Substitute the value of $k=5$ and $N=8$ in equation (3).

    $\begin{array}{c}{E}_4=\alpha +2\beta \cos \frac{5\times \pi }{8+1}\\ =\alpha +2\beta \cos \frac{5\pi }{9}as\cos \frac{5\pi }{9}=-0.1736\\ =\alpha +\left(2\beta \times \left(-0.1736\right)\right)\\ =\alpha -0.347\beta \end{array}$

Substitute the value of $k=6$ and $N=8$ in equation (3).

    $\begin{array}{c}{E}_3=\alpha +2\beta \cos \frac{6\times \pi }{8+1}\\ =\alpha +2\beta \cos \frac{6\pi }{9}as\cos \frac{3\pi }{9}=-0.5\\ =\alpha +\left(2\beta \times \left(-0.5\right)\right)\\ =\alpha -\beta \end{array}$

Substitute the value of $k=7$ and $N=8$ in equation (3).

    $\begin{array}{c}{E}_2=\alpha +2\beta \cos \frac{7\times \pi }{8+1}\\ =\alpha +2\beta \cos \frac{7\pi }{9}as\cos \frac{2\pi }{9}=-0.7660\\ =\alpha +\left(2\beta \times \left(-0.7660\right)\right)\\ =\alpha -1.532\beta \end{array}$

Substitute the value of $k=8$ and $N=8$ in equation (3).

    $\begin{array}{c}{E}_1=\alpha +2\beta \cos \frac{8\times \pi }{8+1}\\ =\alpha +2\beta \cos \frac{8\pi }{9}as\cos \frac{8\pi }{9}=-0.9397\\ =\alpha +\left(2\beta \times \left(-0.9397\right)\right)\\ =\alpha -1.879\beta \end{array}$

Therefore, the energies of the $\pi$ molecular orbitals of octatetraene are $\alpha +1.879\beta$, $\alpha +1.532\beta$, $\alpha +\beta$, $\alpha +0.347\beta$, $\alpha -0.347\beta$, $\alpha -\beta$, $\alpha -1.532\beta$, $\alpha -1.879\beta$.
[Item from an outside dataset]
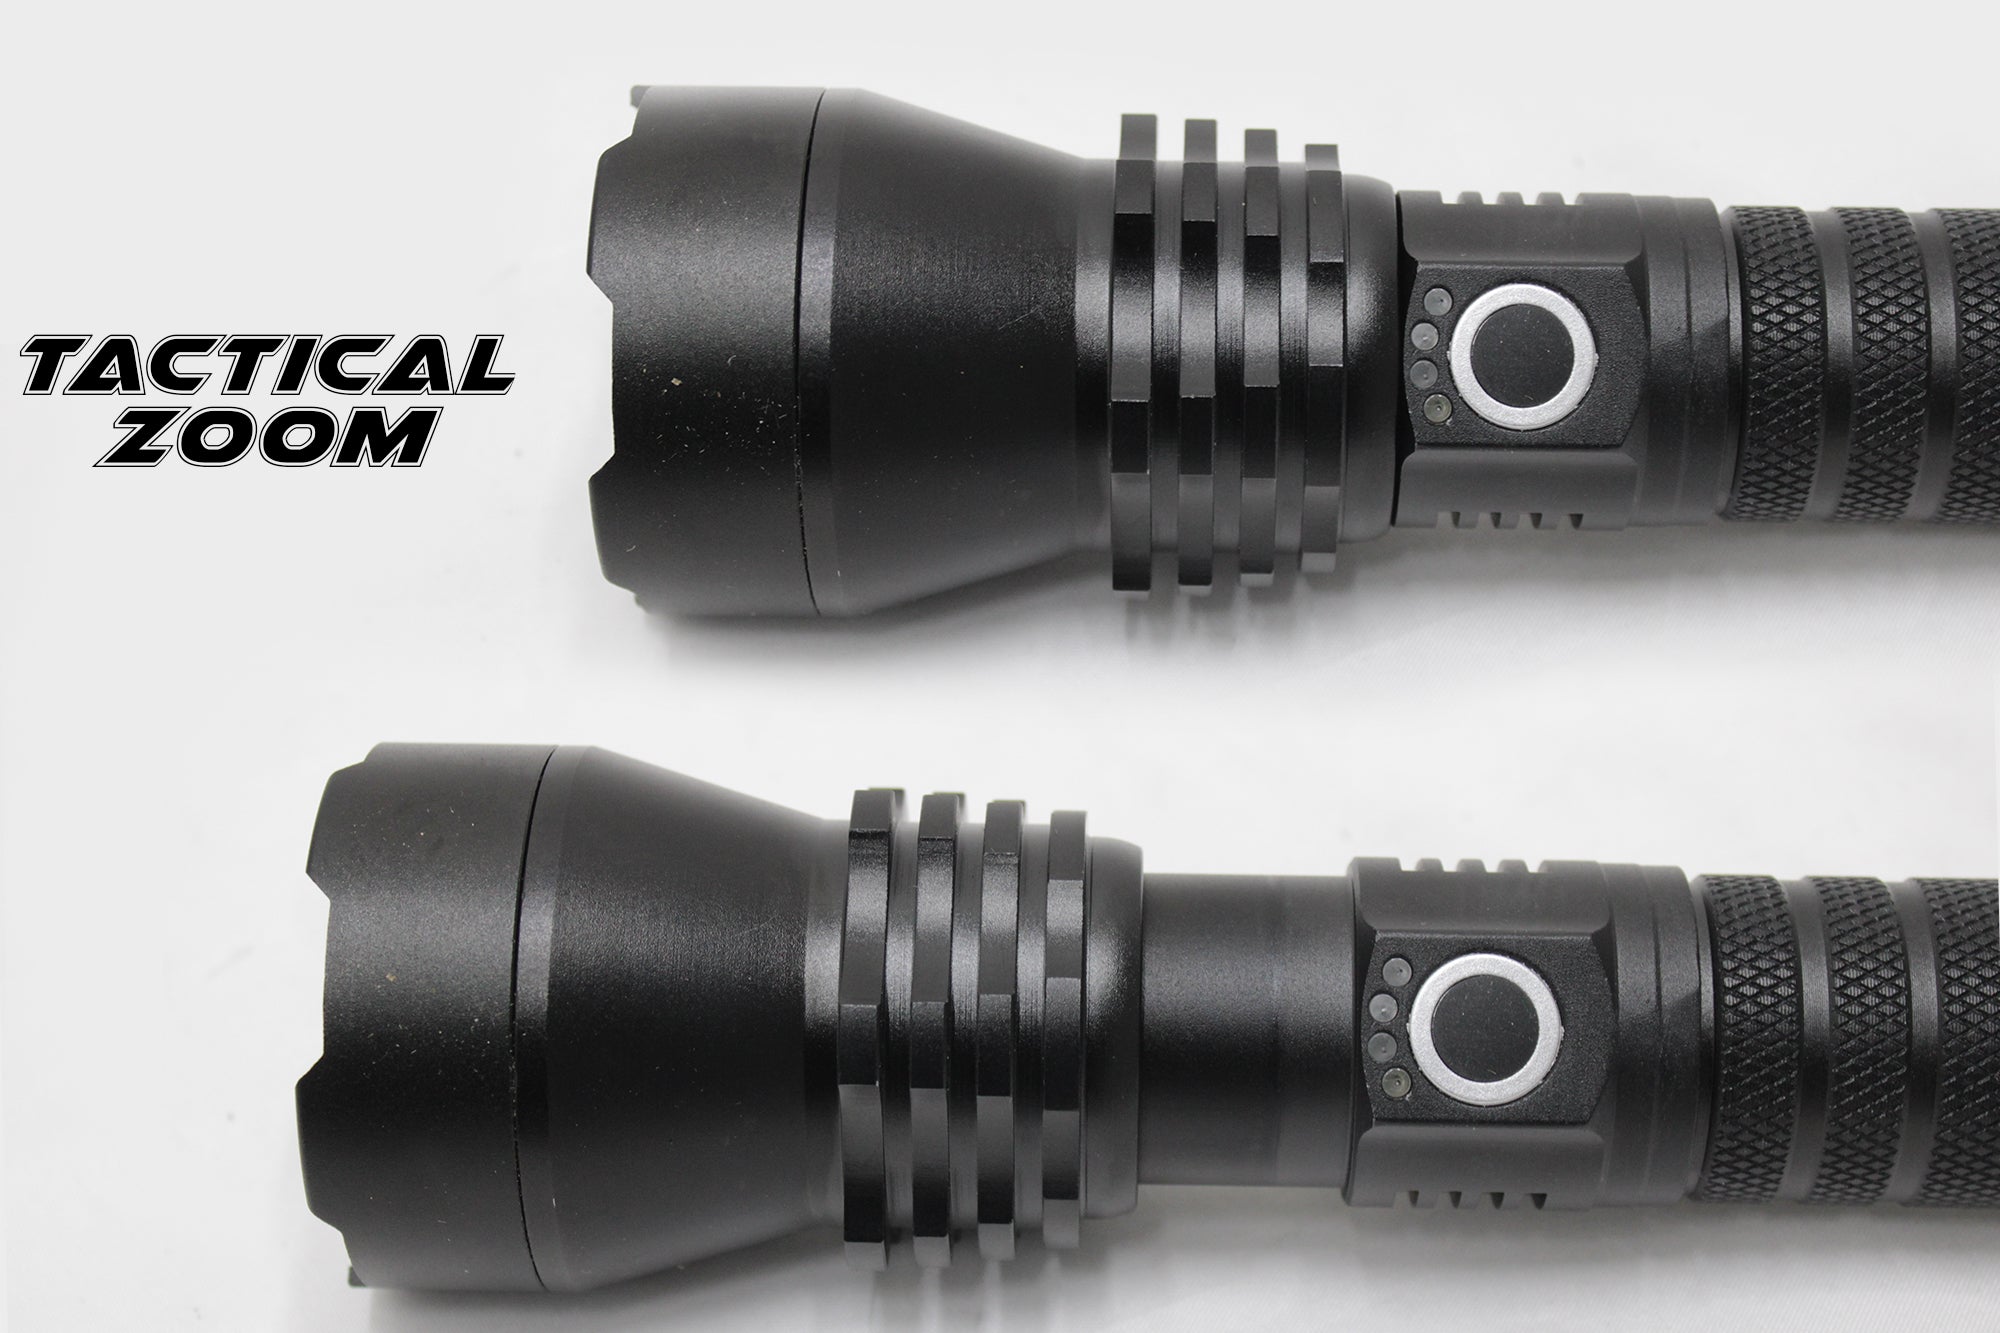 LMA - LED High Lumen Rechargeable Flashlight with Strap - Black

Out of these, the energy levels, $\alpha +1.879\beta$, $\alpha +1.532\beta$, $\alpha +\beta$, $\alpha +0.347\beta$ are occupied by two electrons each.

Therefore, the energy of the conjugated molecule is calculated below.
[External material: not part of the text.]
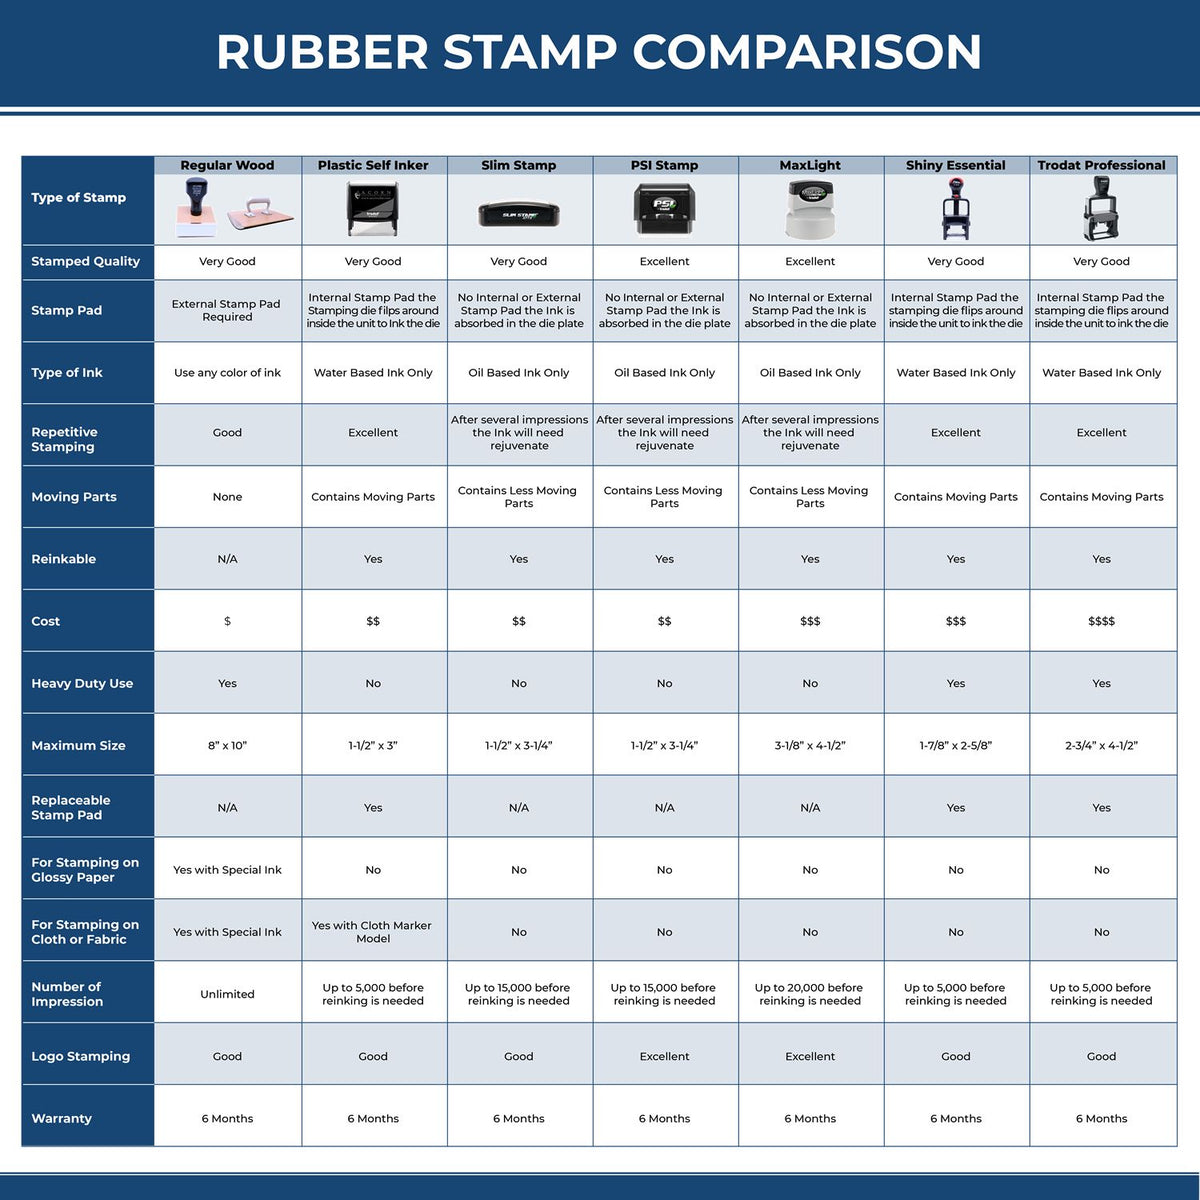 A comparison chart for the different types of mount models available for the Super Slim Texas Notary Public Stamp.

    $\begin{array}{c}{E}_{\text{conjugated}}=2\left(\alpha +1.879\beta \right)+2\left(\alpha +1.532\beta \right)+2\left(\alpha +0.347\beta \right)+2\left(\alpha +\beta \right)\\ =8\alpha +9.516\beta \end{array}$

The energy of the isolated double bond is given below.
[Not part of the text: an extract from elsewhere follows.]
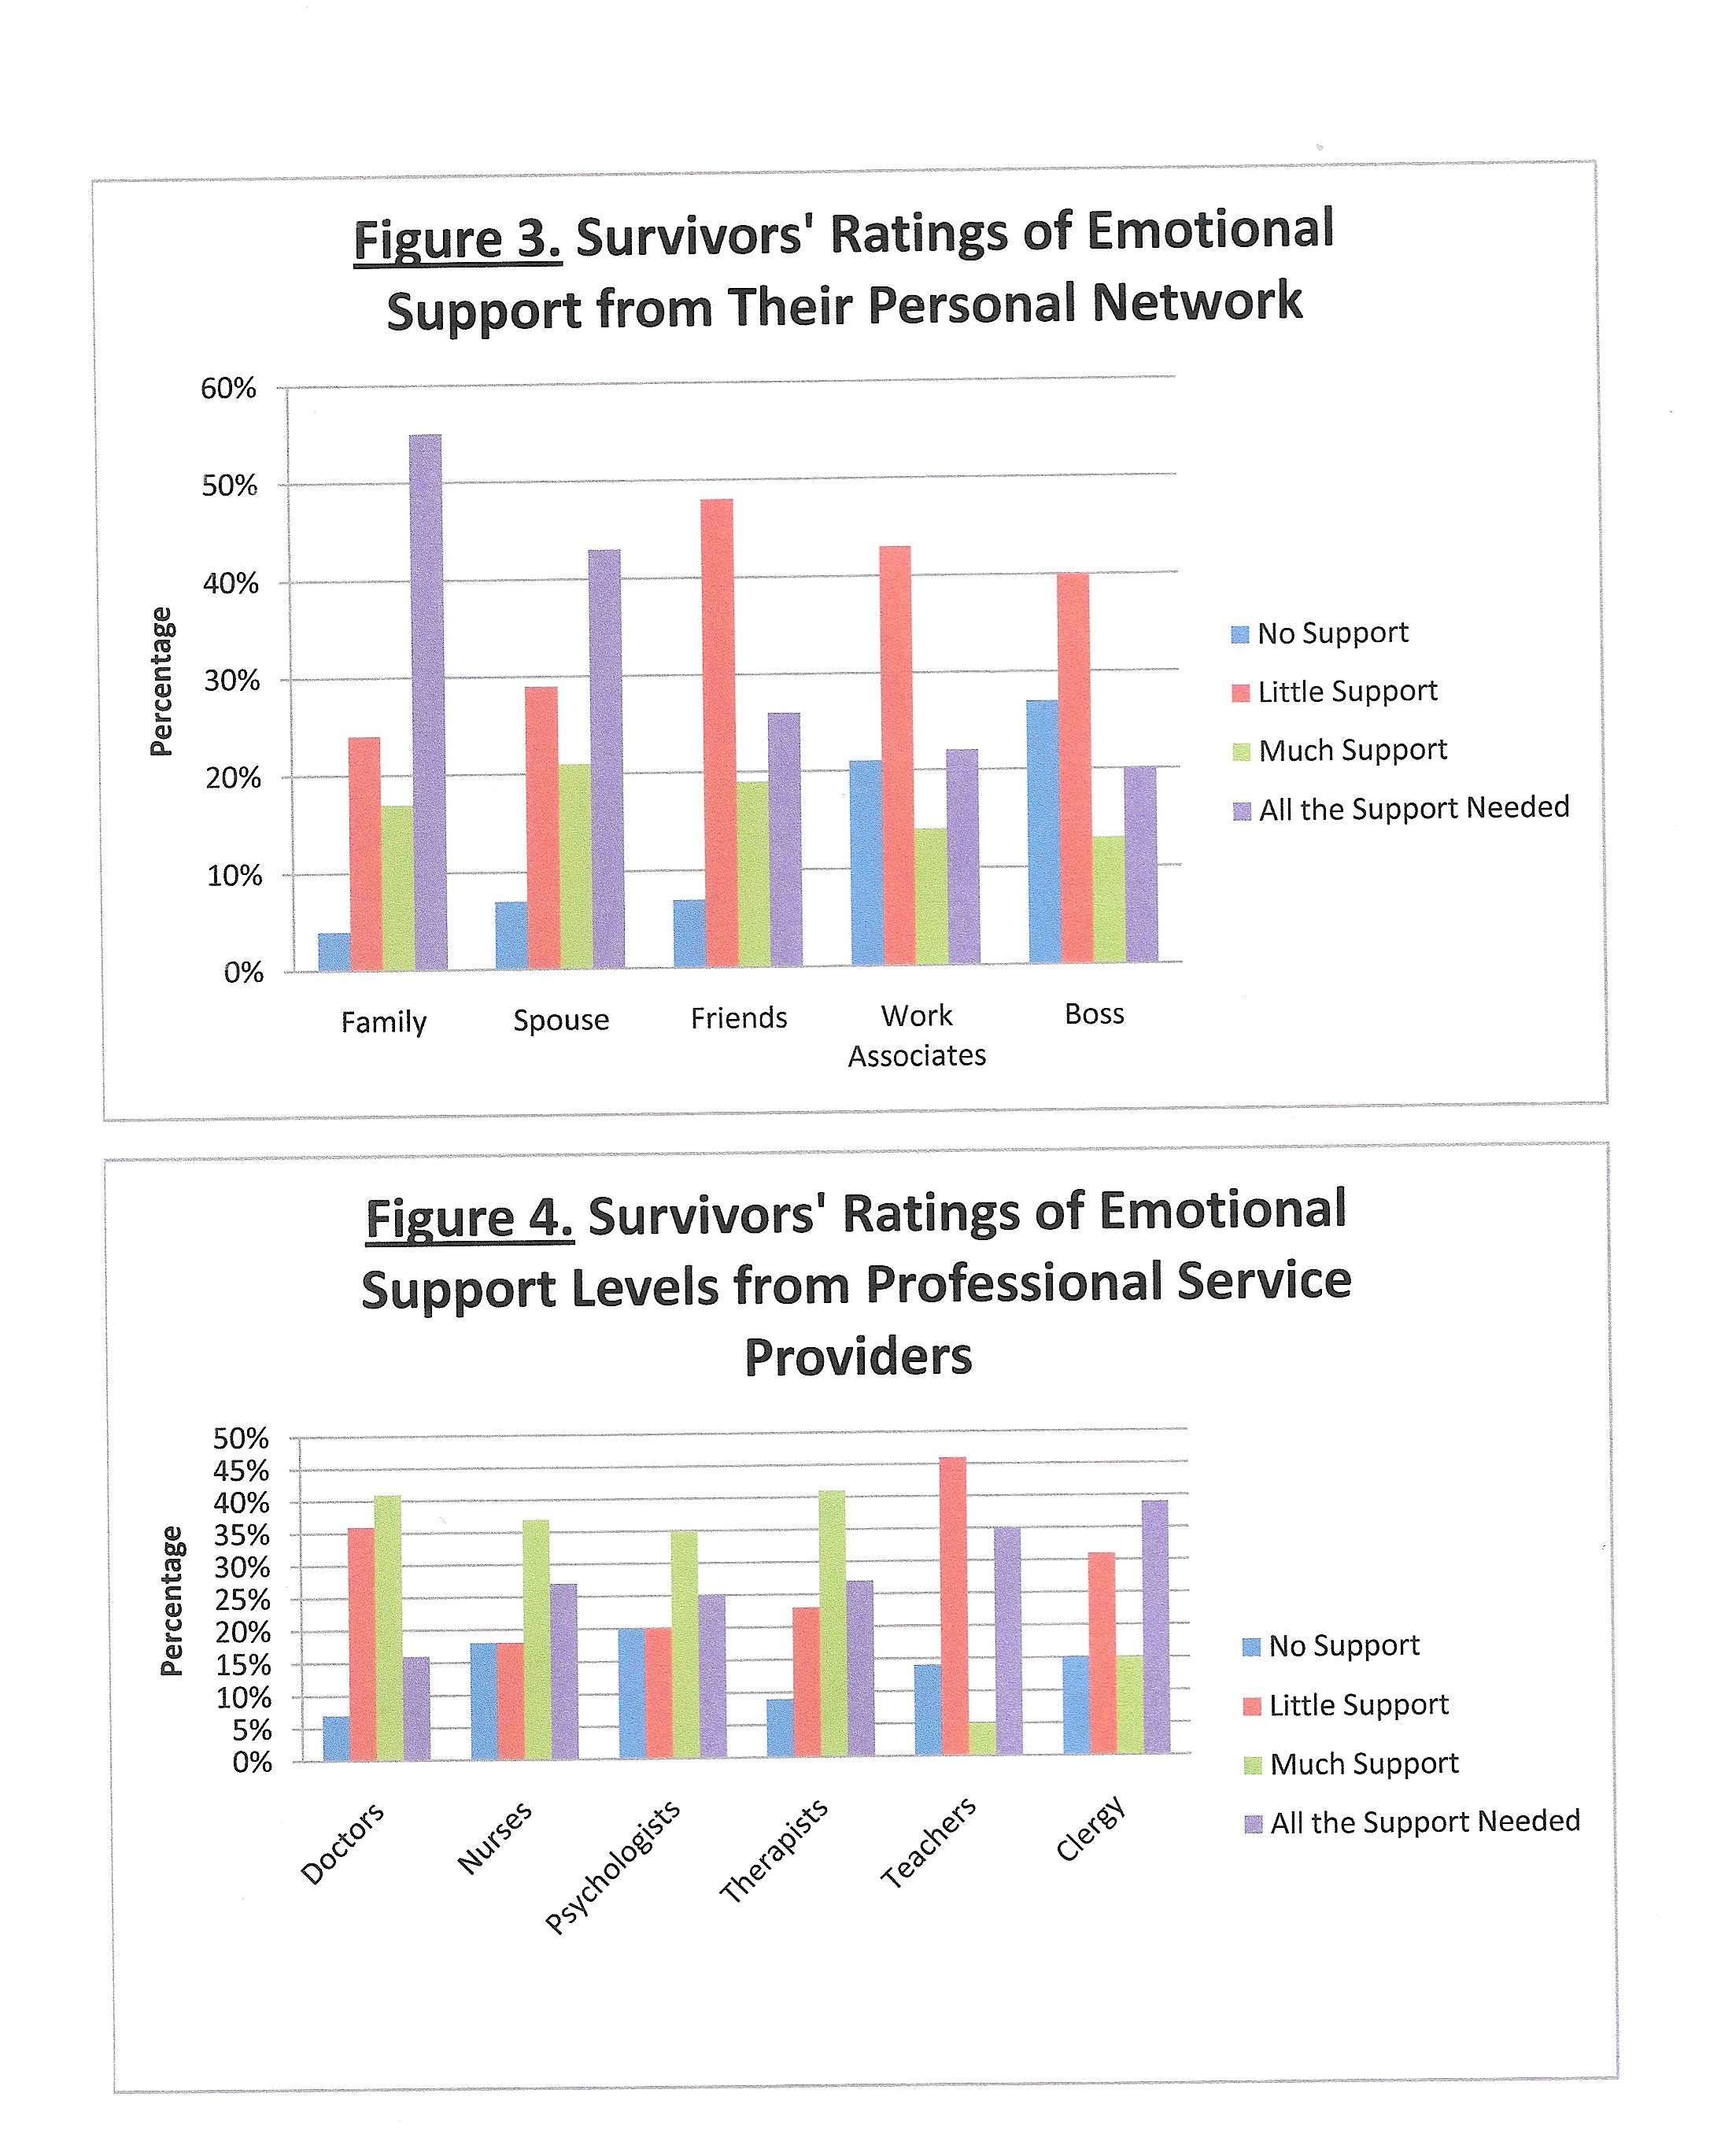 Survivors' Ratings of Emotional Support from Their Personal Network and Professional Service Providers

    $\begin{array}{c}{E}_{\text{isolated}\text{double}\text{bond}}=8\left(\alpha +\beta \right)\\ =8\alpha +8\beta \end{array}$

Substitute the value of $E_{\text{conjugated}}$ and $E_{\text{isolated}\text{double}\text{bond}}$ in equation (2).

    $\begin{array}{c}\text{Delocalization}\text{energy}=8\alpha +9.516\beta -\left(8\alpha +8\beta \right)\\ =9.516\beta -8\beta \\ =1.516\beta \end{array}$

Therefore, the delocalization energy of octatetraene is $1.516\beta$.  This is less than the delocalization energy of cyclooctatetraene.  Therefore, cyclooctatetraene is more stable than hexatriene.